Re: GNU make to consider files checksum

by Eli Zaretskii :: Rate this Message:

Reply to Author | View Threaded | Show Only this Message

> From: Giuseppe Scrivano <gscrivano@...>
> Date: Fri, 11 Apr 2008 23:45:02 +0200
>
> Other systems like scons already support this feature and it would be
> great to have it for GNU Make too.
>
> I attached a patch against the current CVS to add --use-checksum to
> GNU Make, it is just a proof-of-concept but it shows that adding this
> feature can really boost a remake.

Thanks.  (I'm not the head maintainer, so please wait for Paul and
others to respond.)

> +int
> +compute_checksum(struct file *new)
> +{
> +  int checksum = 0;
> +  FILE *f;
> +  char buffer [4096];
> +  
> +  f = fopen (new->name, "r");

This needs to use "rb", not "r".

Also, what about directories? they cannot be fopen'ed and fread, at
least not on all supported systems.


_______________________________________________
Bug-make mailing list
Bug-make@...
http://lists.gnu.org/mailman/listinfo/bug-make

Re: GNU make to consider files checksum

by Giuseppe Scrivano-2 :: Rate this Message:

Reply to Author | View Threaded | Show Only this Message

2008/4/12, Eli Zaretskii <eliz@...>:

> Thanks.  (I'm not the head maintainer, so please wait for Paul and
>  others to respond.)
>
>  > +int
>  > +compute_checksum(struct file *new)
>  > +{
>  > +  int checksum = 0;
>  > +  FILE *f;
>  > +  char buffer [4096];
>  > +
>  > +  f = fopen (new->name, "r");
>
>  This needs to use "rb", not "r".

Thank you for the reply, yes it should be "rb".


>  Also, what about directories? they cannot be fopen'ed and fread, at
>  least not on all supported systems.

IHMO directories should not be considered, while reading the mtime can
be done quickly, considering a checksum for all the files contained in
the directory is very expensive (in my proof-of-concept patch I didn't
put any control code).

Regards,
Giuseppe


_______________________________________________
Bug-make mailing list
Bug-make@...
http://lists.gnu.org/mailman/listinfo/bug-make

Re: GNU make to consider files checksum

by Tim Murphy-4 :: Rate this Message:

Reply to Author | View Threaded | Show Only this Message

Hi,

I am also not a maintainer :-).

One small concern that I have with checksums is that it might take a really long time to check large files or a lot of files.

This would indicate that one needs to be able to switch checksumming on/off for different prerequisites.

I think that there should be a way to indicate the "type" of dependency that is implied:

e.g. make already has "ORDER ONLY" dependencies  which check based on existence rather than mtime.
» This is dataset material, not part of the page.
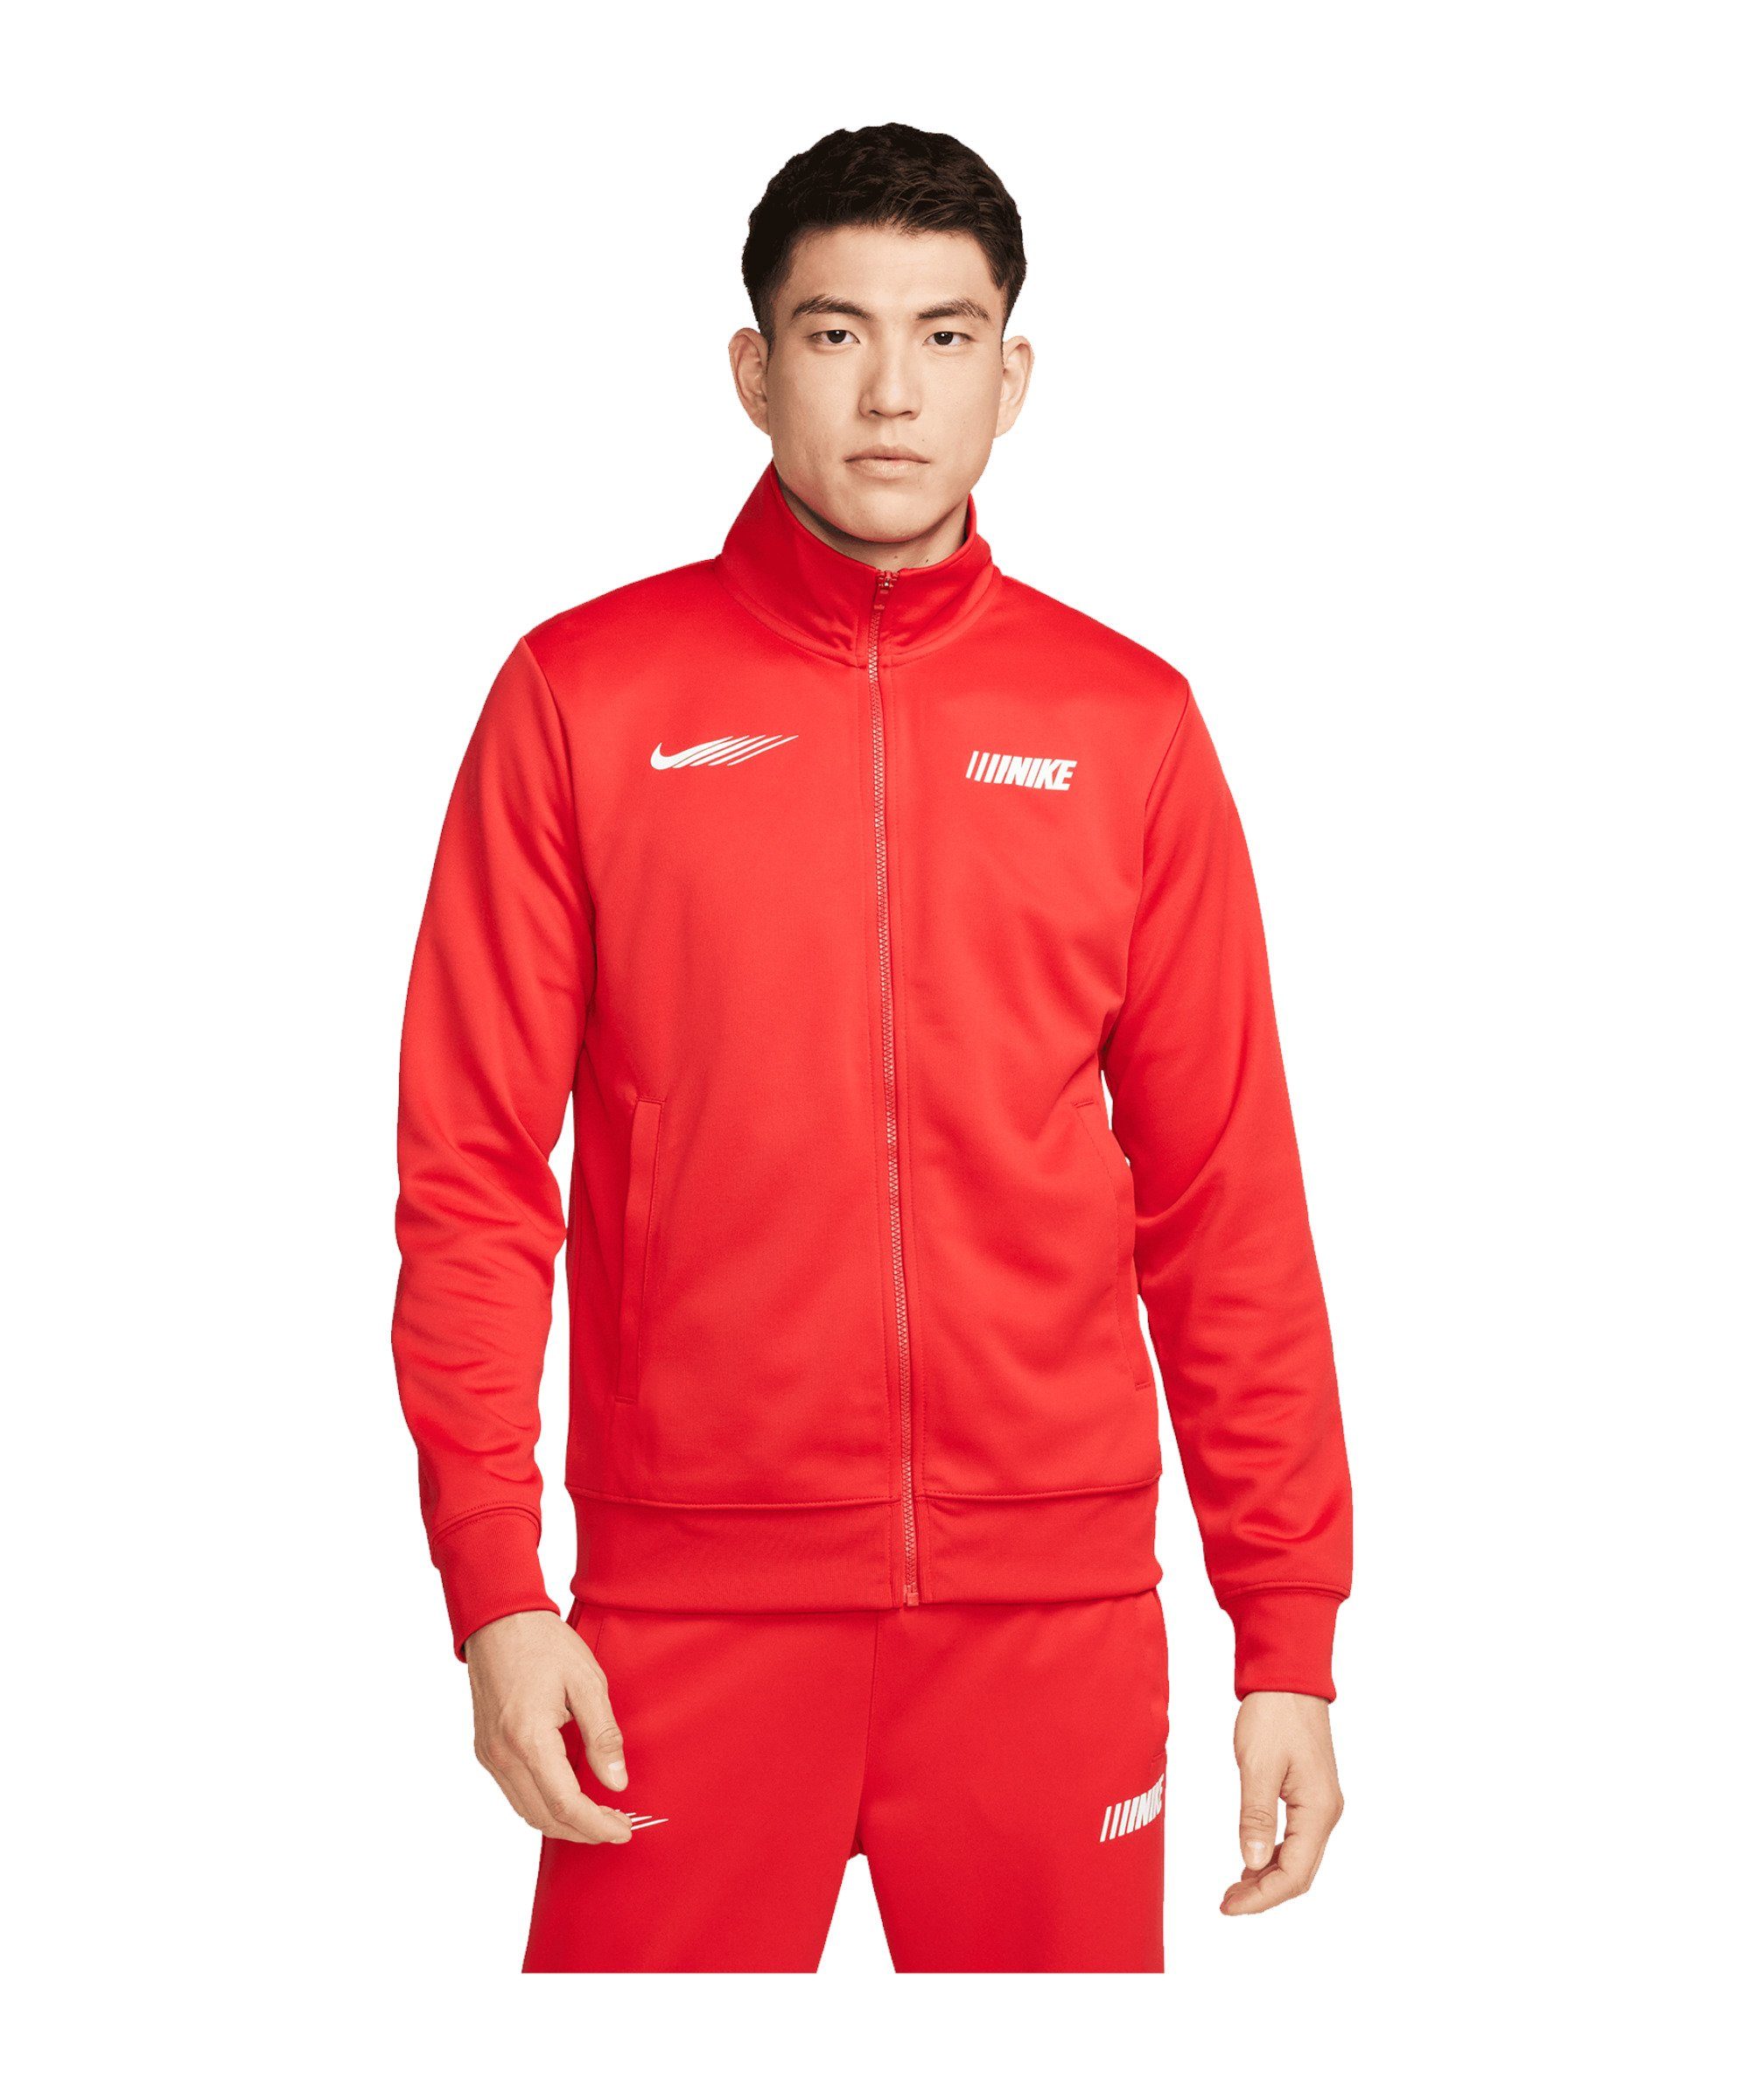 Nike Sportswear Sweatjacke Standart Issue Jacke rot | Jacken

/tmp/out/fred.o: fred.c | /tmp/out

.... means that the directory /tmp/out must exist before one can write fred.o but if the dir is newer than fred.o then there is no need to regenerate fred.o

so for checksums one might do something like:

/tmp/out/fred.o: |cksum fred.c | /tmp/out

There are other dependency methods that matter  and one should leave room to add them later too e.g.:
1. Whitespace changes in the file only
2. Comments changed but nothing else
3. Source control system says file has not changed  so even though it was checked out and has a new mtime, don't rebuild it.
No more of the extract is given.